Whimsical writing, shared stories

This book satisfies that part of me that loves short stories, the part that loves novels, and the part that loves series--for it is all of those things wrapped in one. With it's intertwined, yet distinct stories told in the voice of each of Papa Santuzzu's family members, you learn all about this vibrant Sicilian family's trials and triumphs both in Sicily and "La Merica." I especially enjoyed the perspective that one family member would sometimes give to another's story. Some sections are stronger than others, but most surely hit their mark. The book is written in a fable-y style that reminded me a bit of some of Salman Rushdie's work (especially Haroun and the Sea of Stories), while the intertwined story structure reminded me of another wonderful book, A Place Where the Sea Remembers, by Sandra Benitez. Enjoy this book, and pass it on.

Poetic, bittersweet and heart-warming

This book made me laugh and cry at the same time. It is filled with lyrical prose and folklore that glitter like jewels.

It's Mama's Garden, too!

It always amazes me when a male author can cross the gender line and write from a profoundly feminine point of view. Using the voices of husbands and wives, sons and daughters, brothers and sisters, Tony Ardizzone teaches us the simple wisdom that underlies all the folktales and traditions heard since childhood at family feasts and gatherings. Now you will know why we pray to St Anthony when we lose something, or why we "make the horns"just so.But what was most surprising and unexpected was Mr. Ardizzone's feminist take on the goings on in Heaven. Who doesn't know that Mama is the power behind the throne? Because this book is written as a series of vignettes, it can be read straight through or chapter by chapter. Whichever route you take, you will return to it again and again. A keeper.

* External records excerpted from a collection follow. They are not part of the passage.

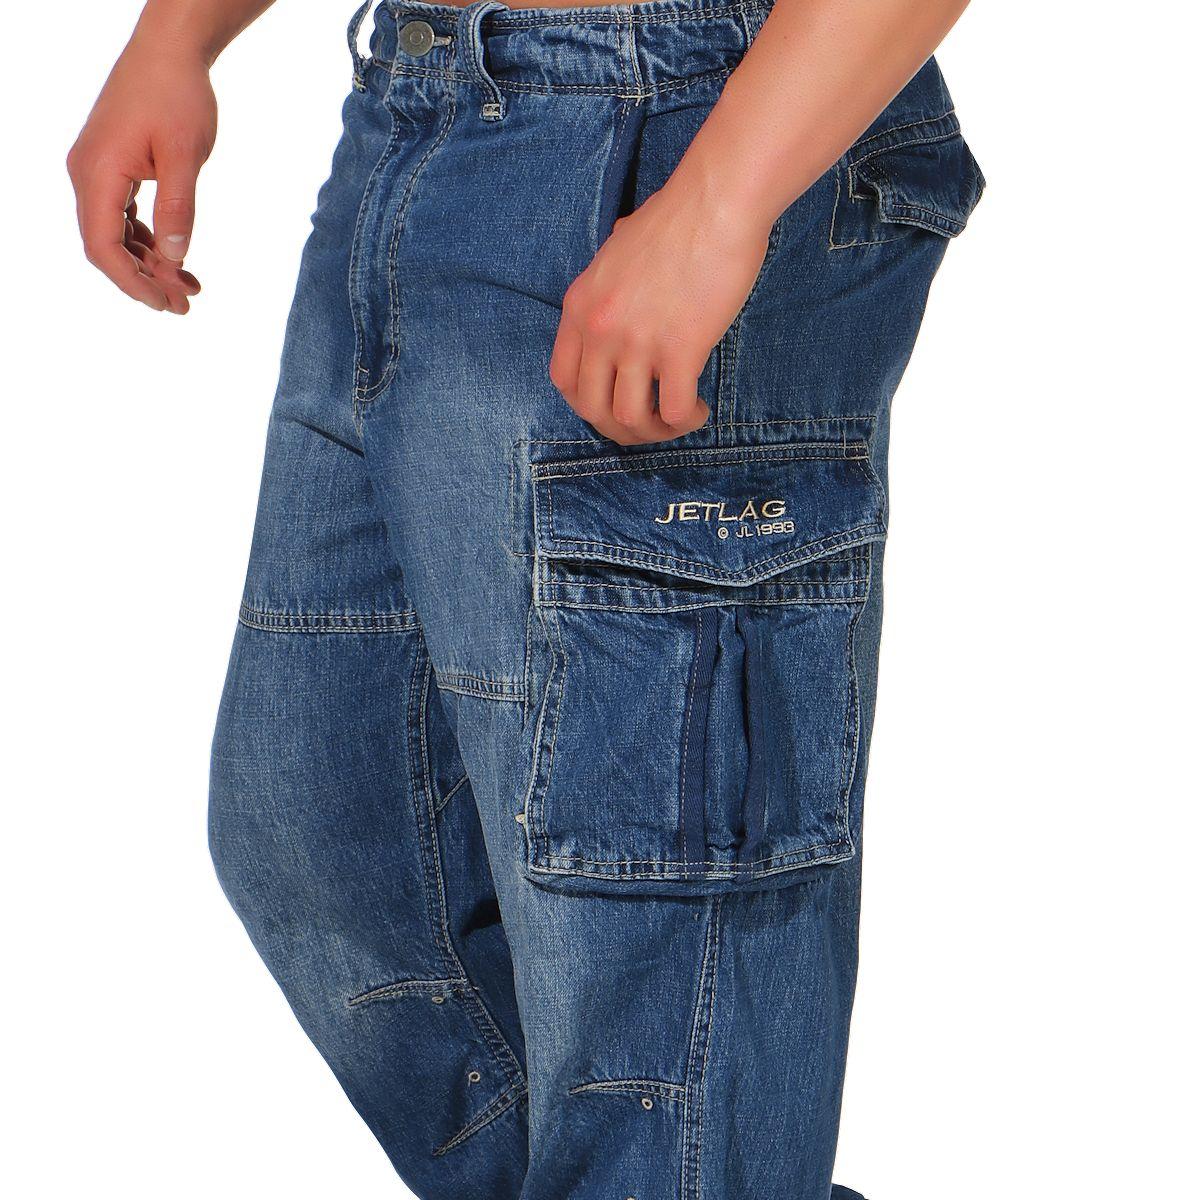 JET LAG HERREN Cargohose Hose lang Jeanshose Cargojeans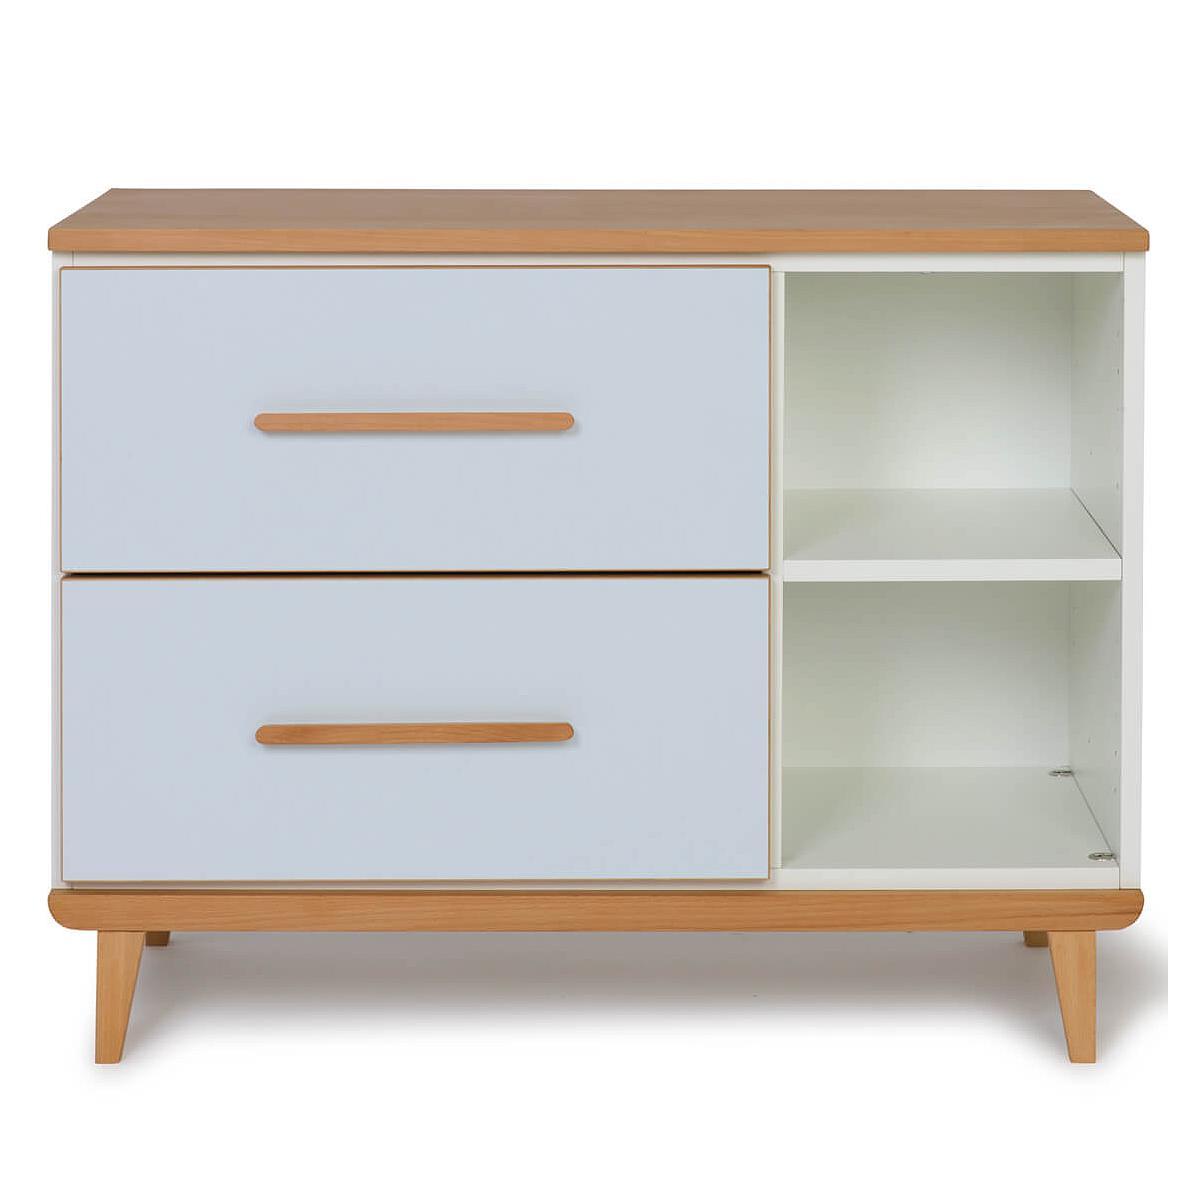 Wookids - Petit meuble 2 tiroirs NADO sky blue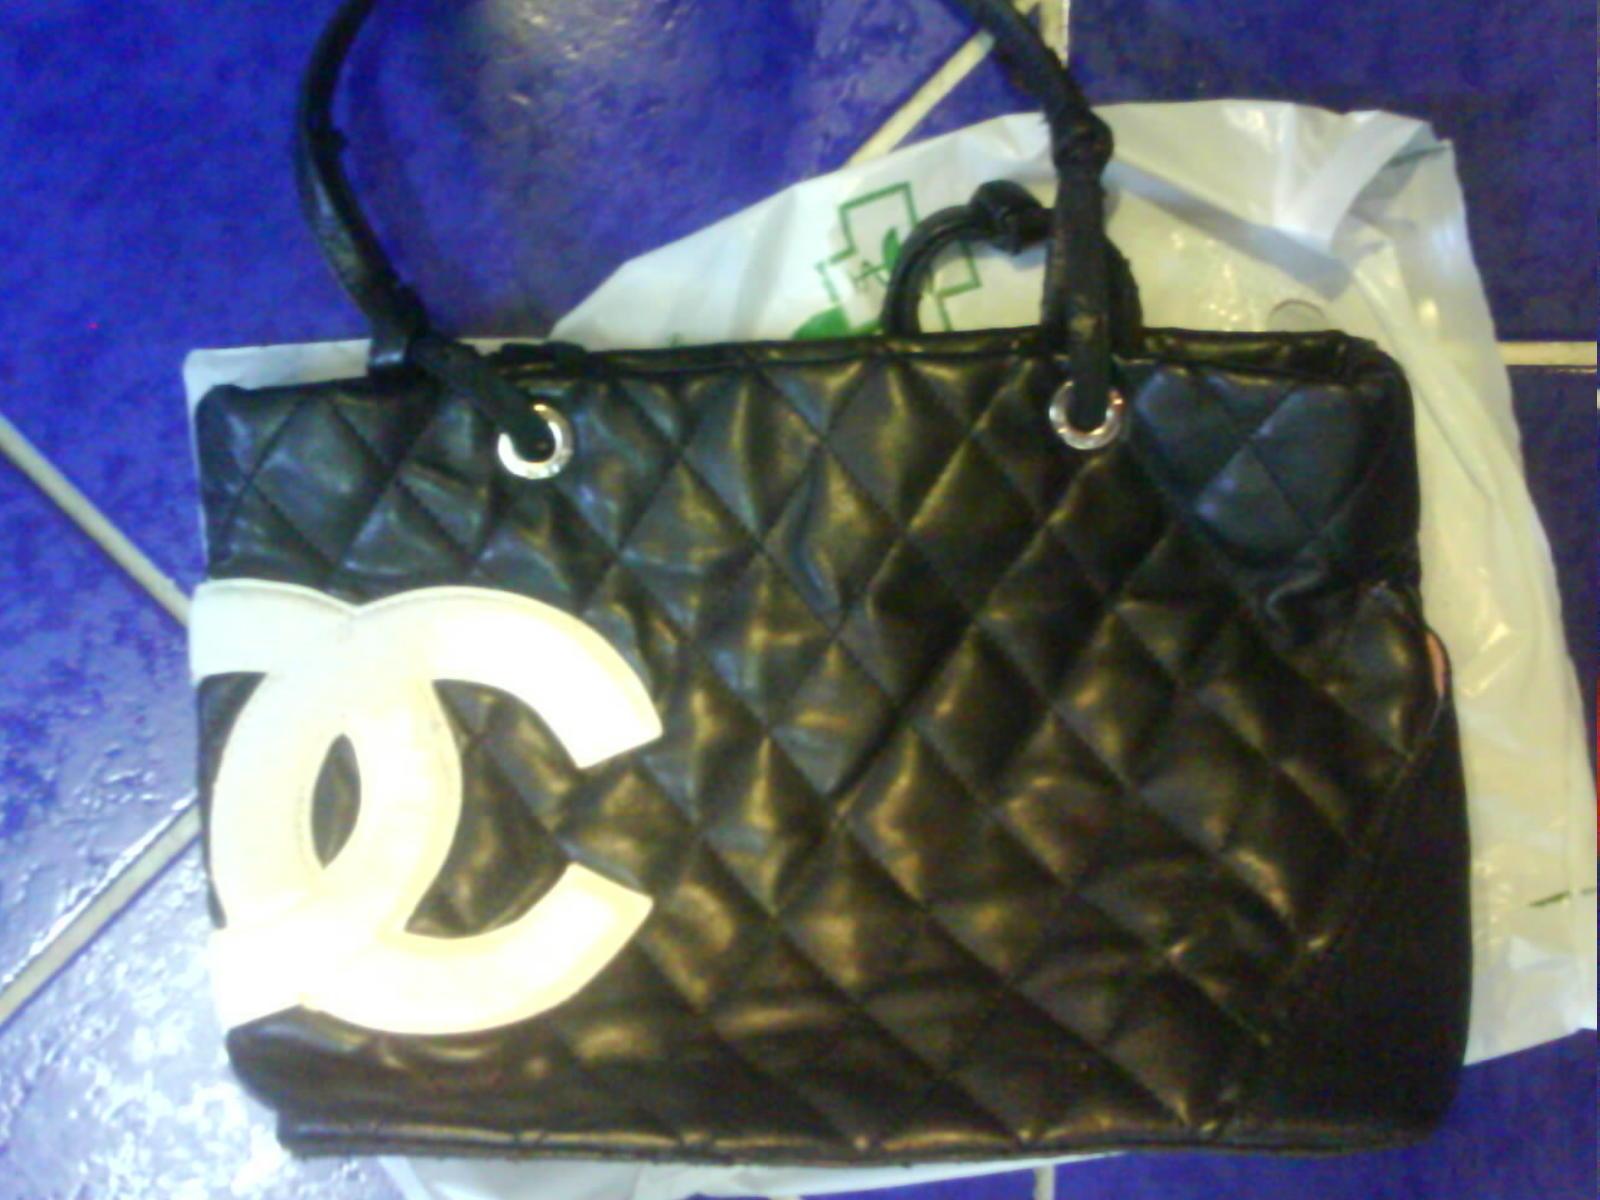 c465ae68e822 buy chanel le boy handbags for men chanel 1115 handbags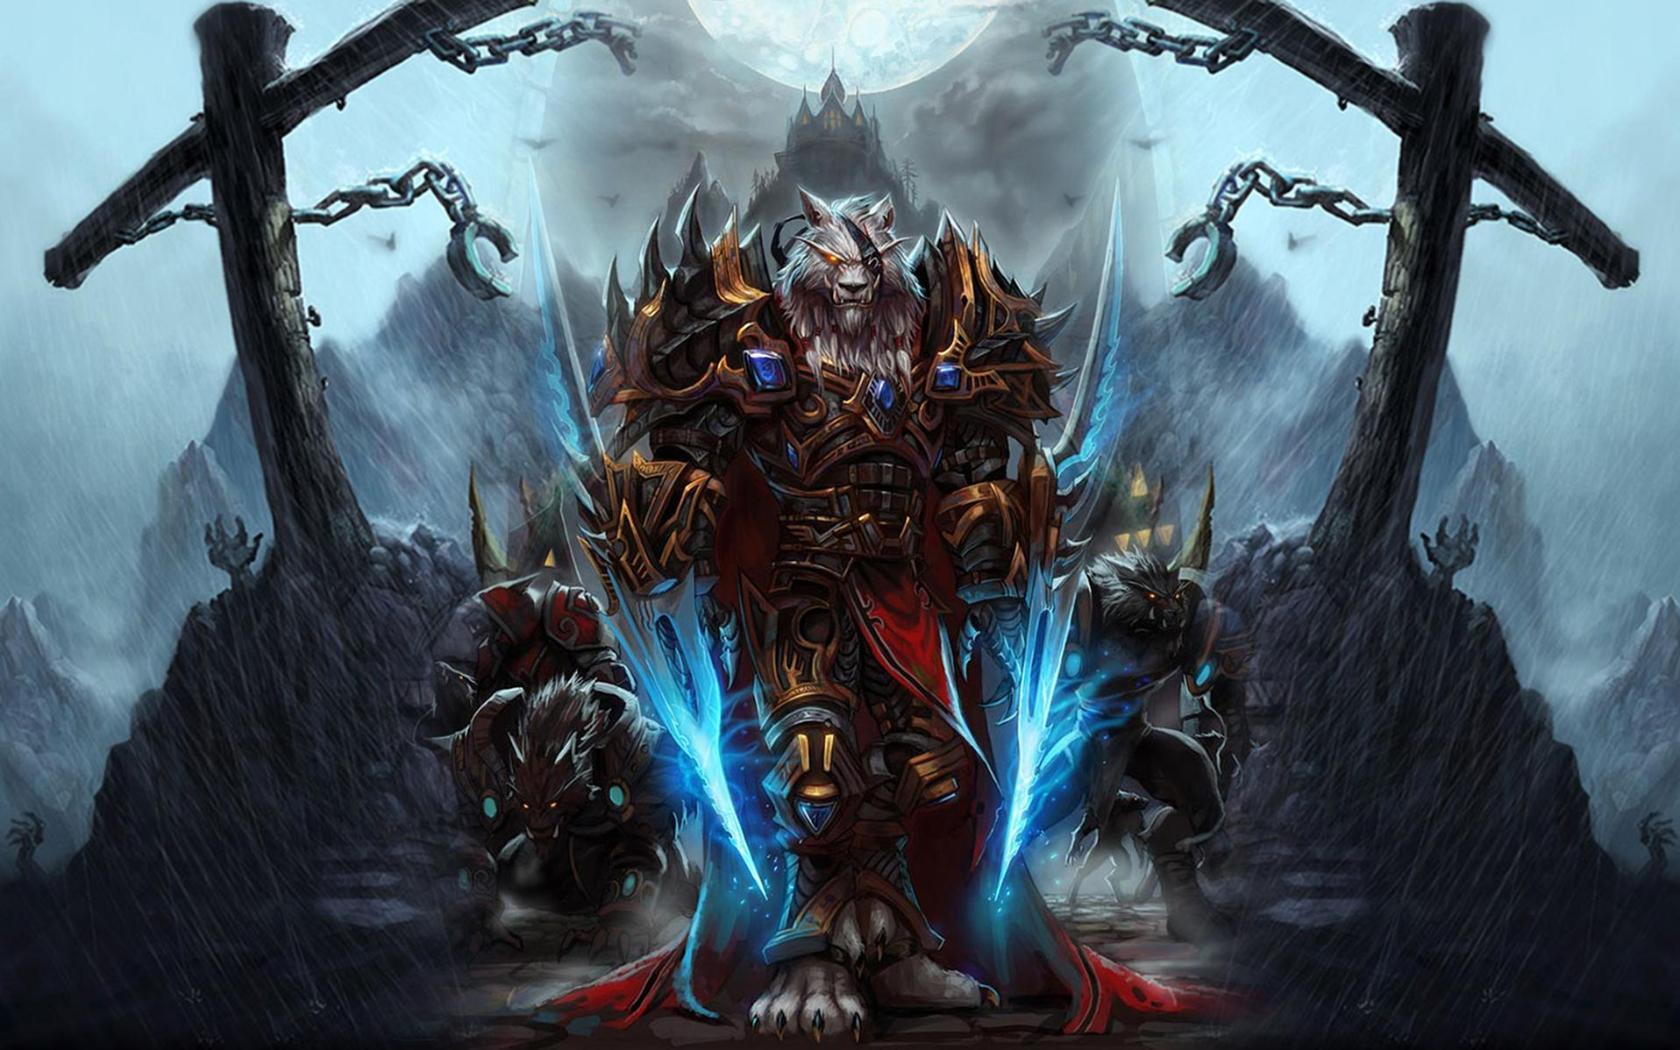 Monters Warcraft Wallpaper Games

A textbook course on being a Sicilian and Sicilian/American.

As a first generation Sicilian/American, I found this book to be the most wonderful learning tool I have ever found to explain what my heritage is. I would very much like to thank Mr. Ardizzone for his invaluable contribution to this cause. Sicilians are arguably the most misunderstood people on this planet. I am recommending this book to all my family members and to all seekers of learning.